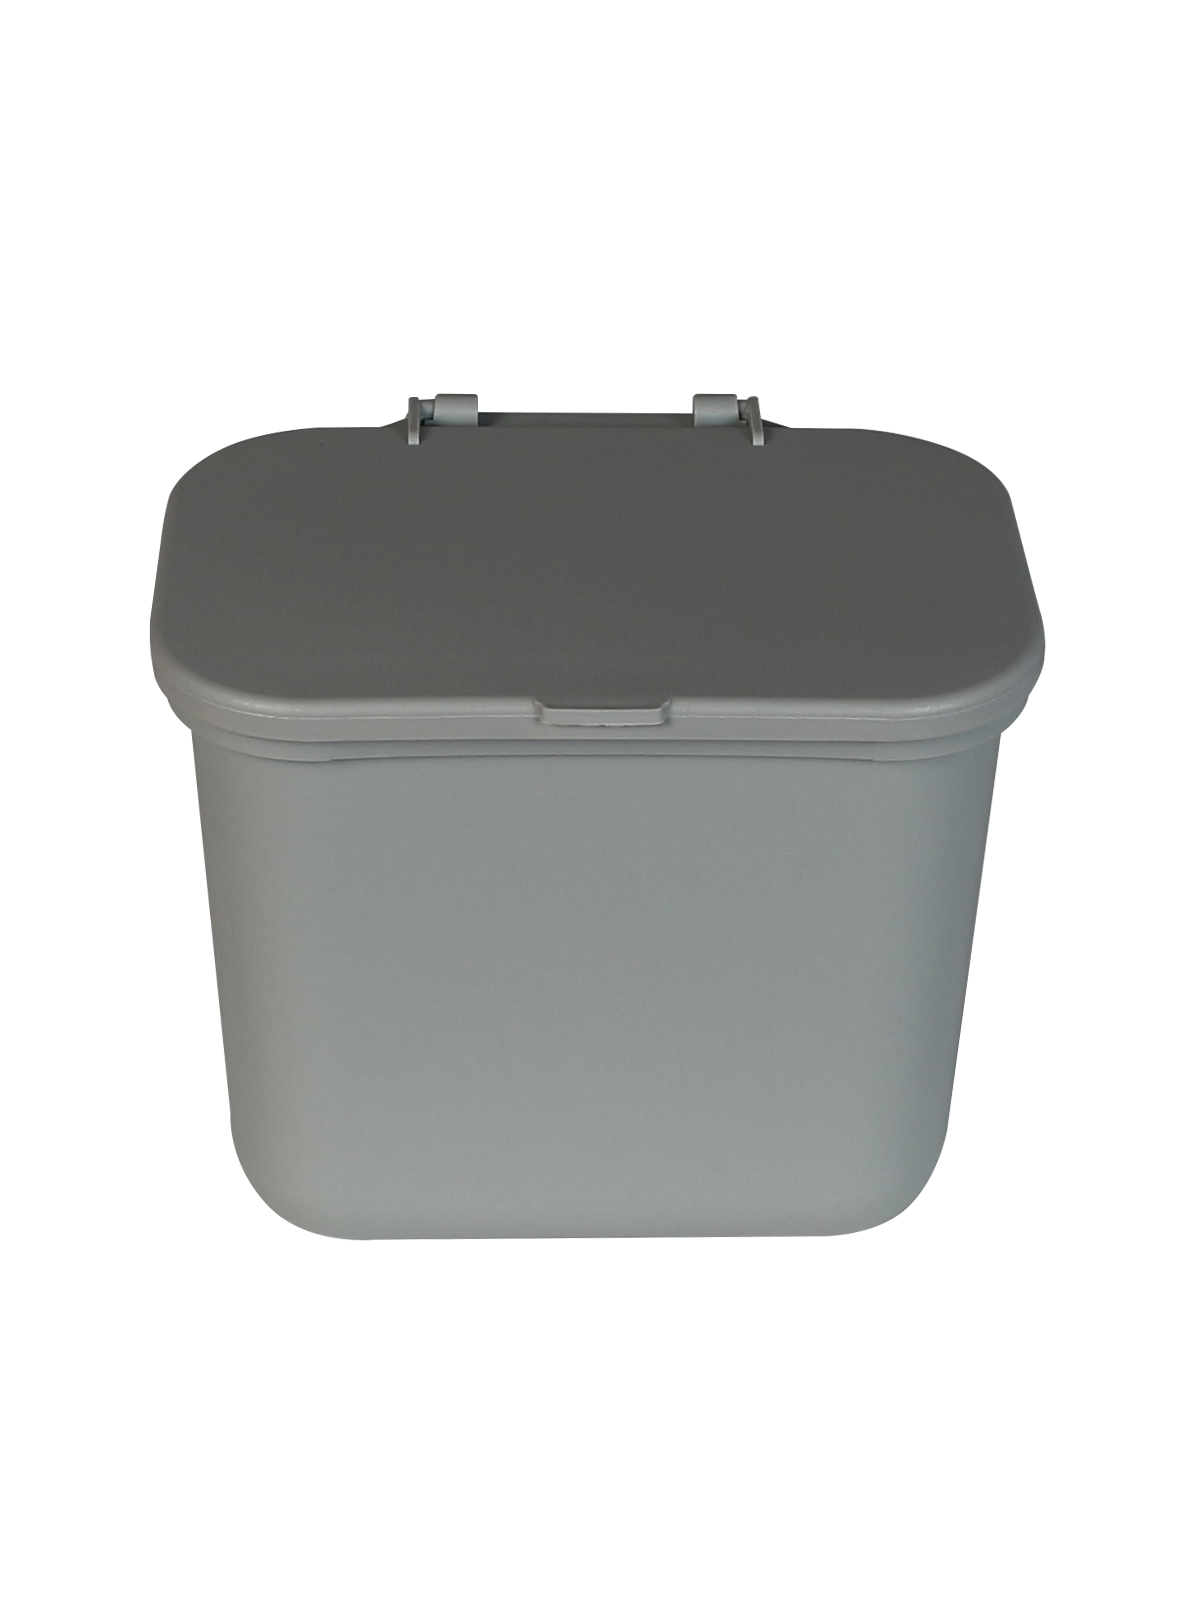 HANGING WASTE BASKET - Single - Solid Lift - Grey
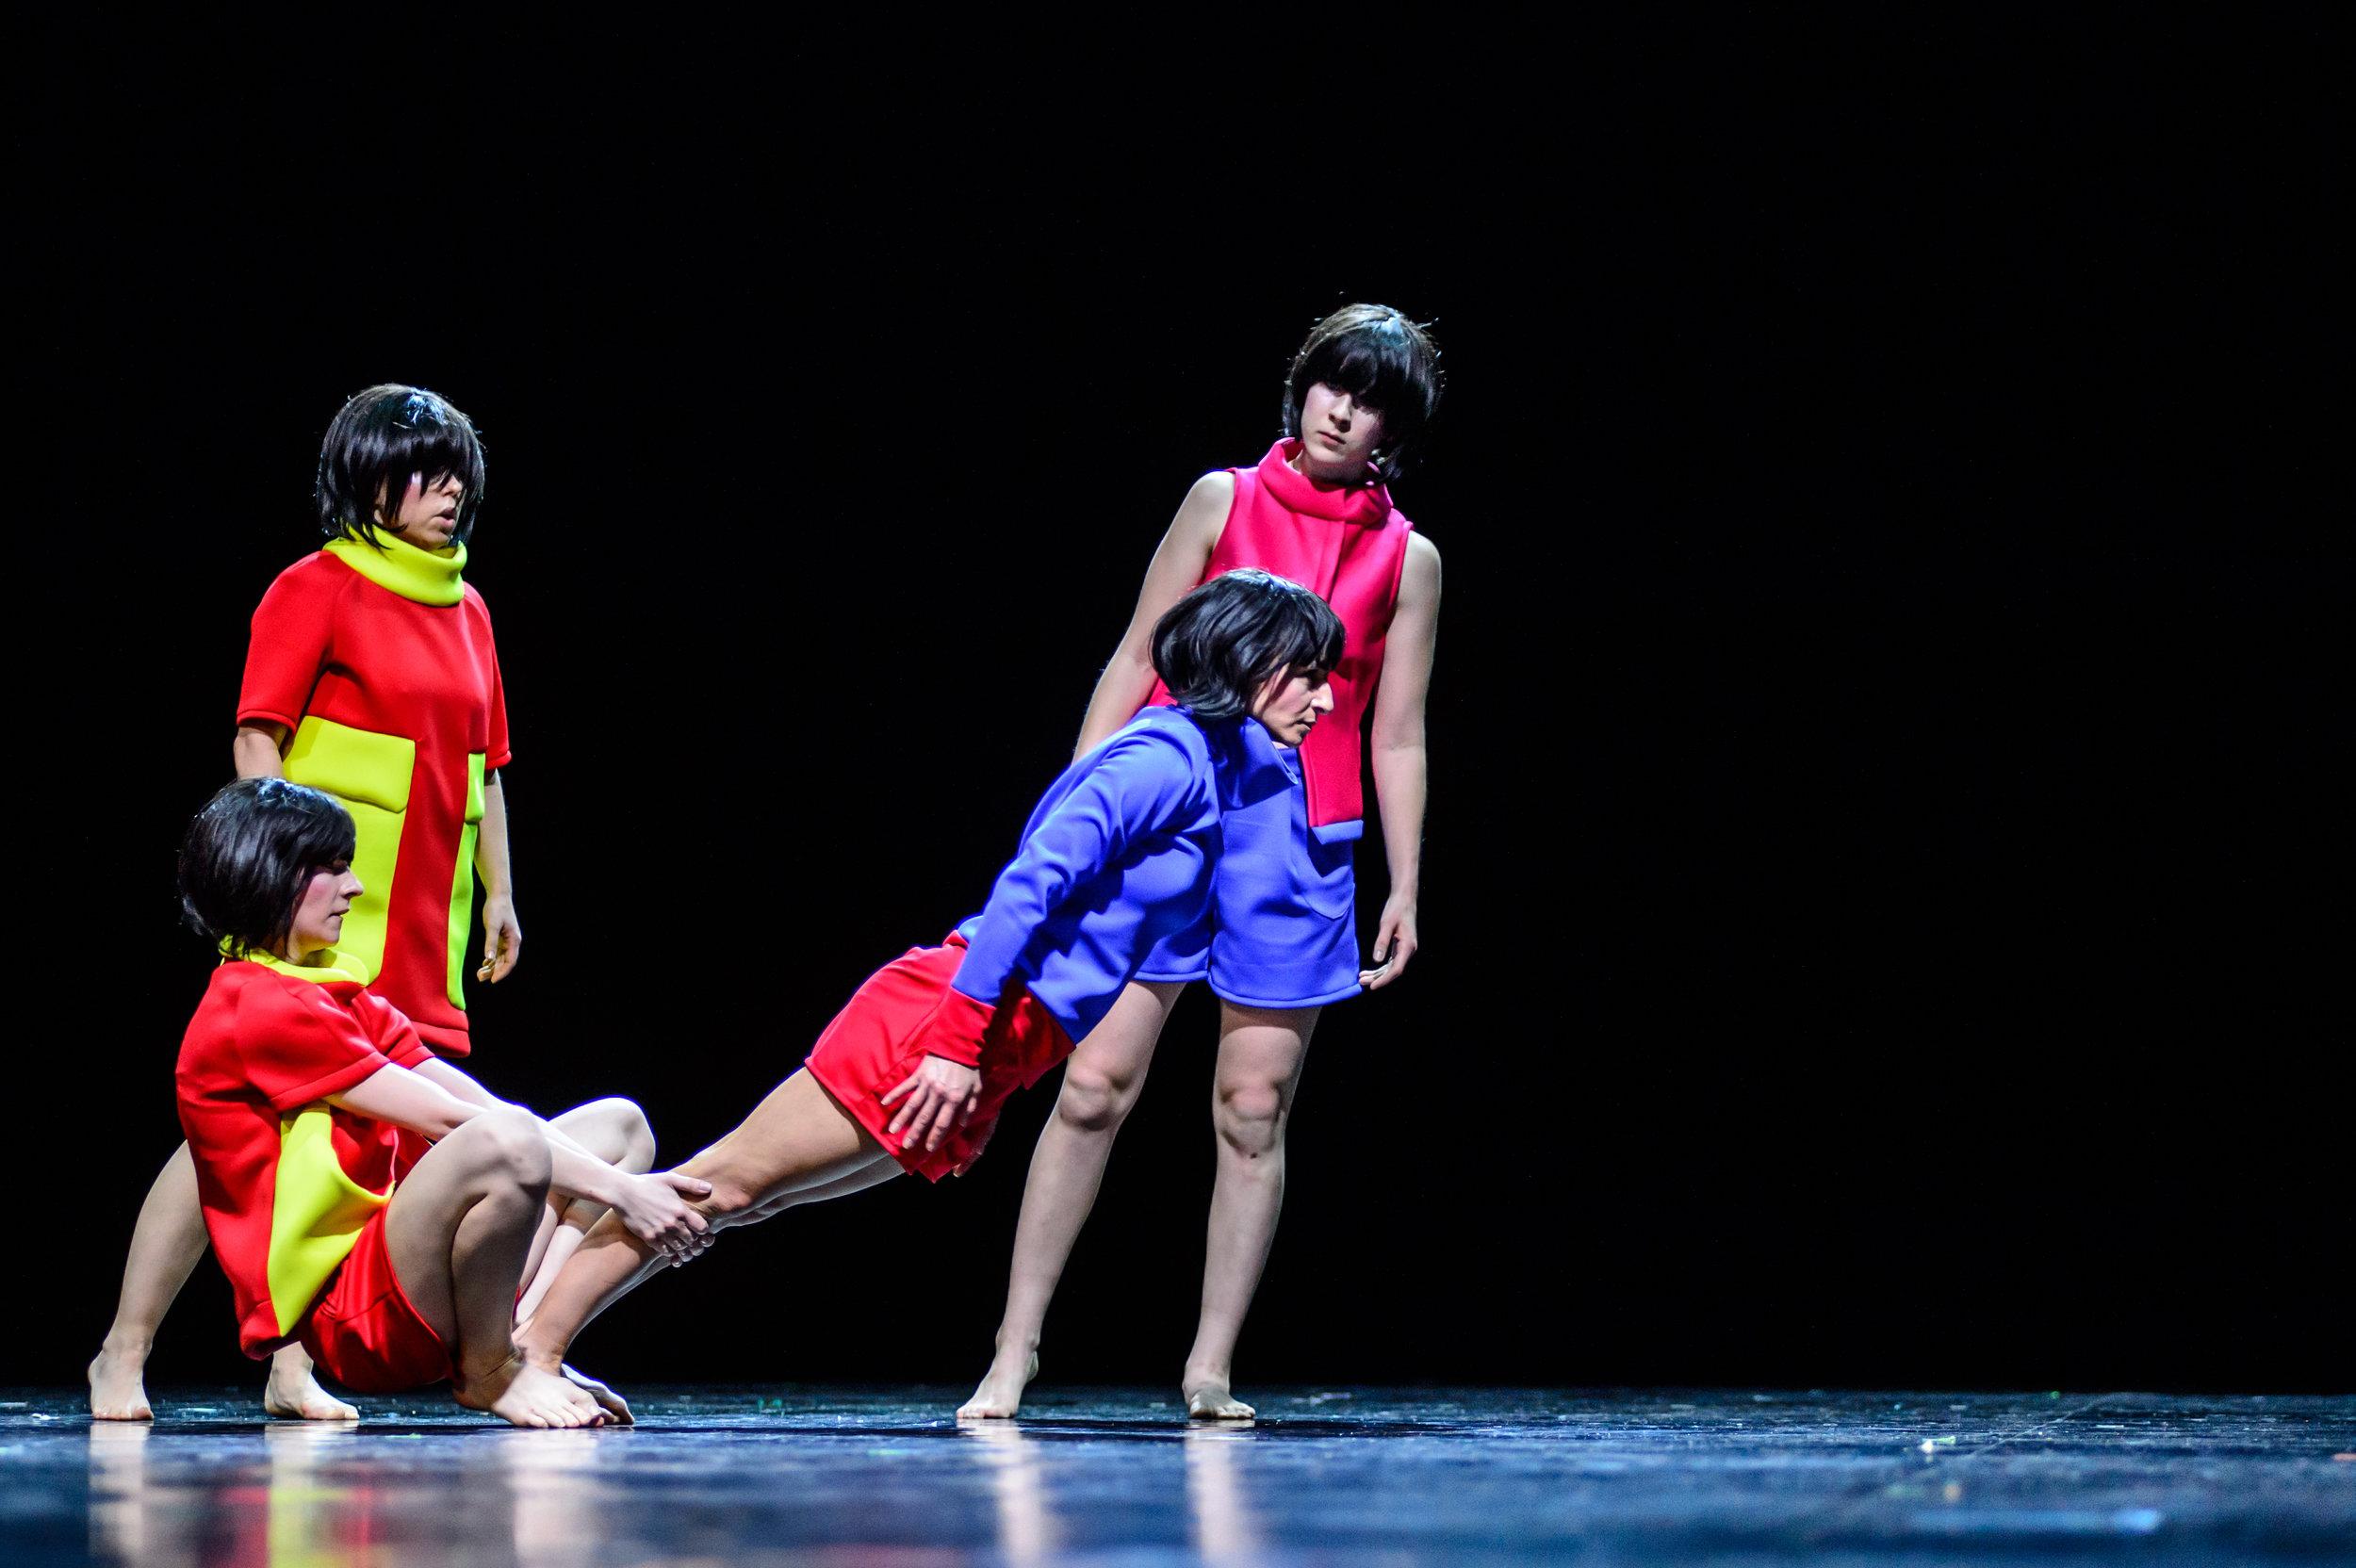 IV Konkurs Teatrów Tańca fot. Bartosz Kruk (59).jpg
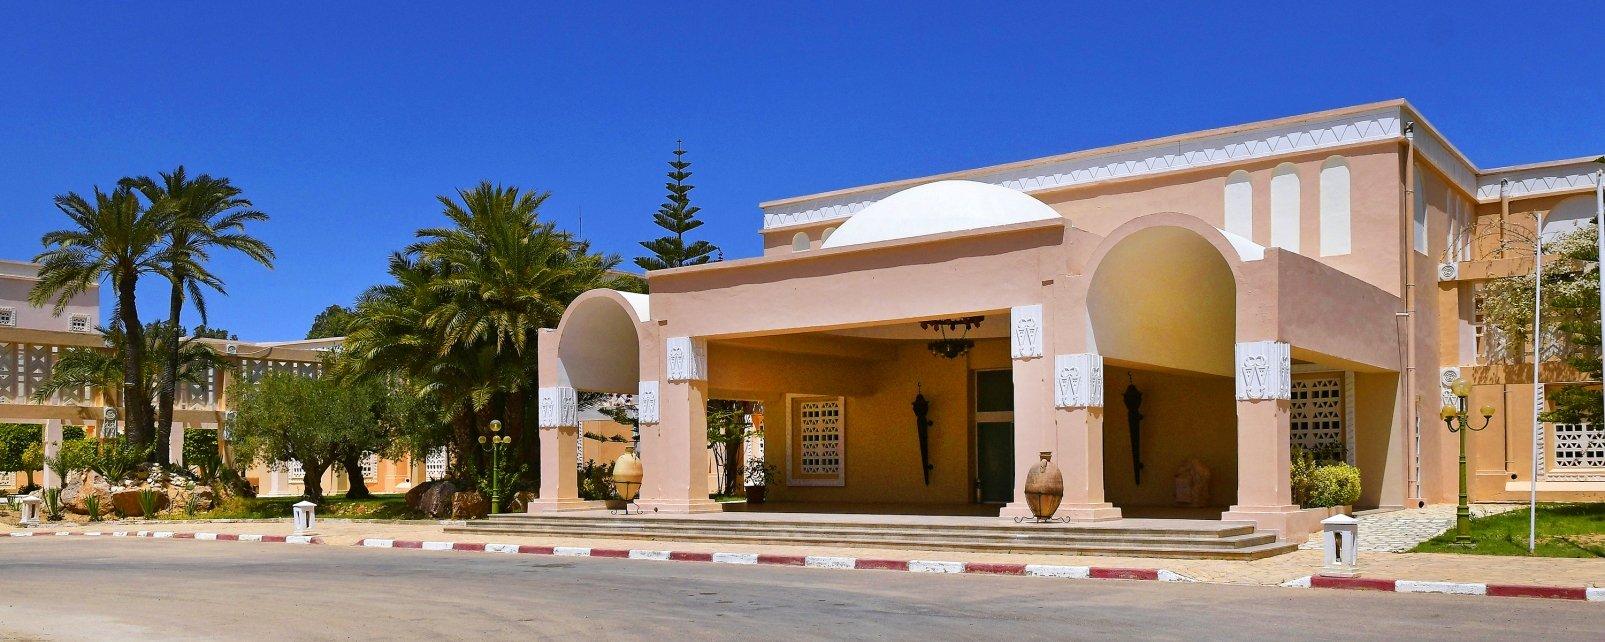 Hôtel Zita Beach

§ **Problem description**
Repeat the listing in full and to the letter, excluding every image.

§ **Task output**
 HANGING WASTE BASKET - Single - Solid Lift - Grey
 IV Konkurs Teatrów Tańca fot. Bartosz Kruk (59).jpg
 Hôtel Zita Beach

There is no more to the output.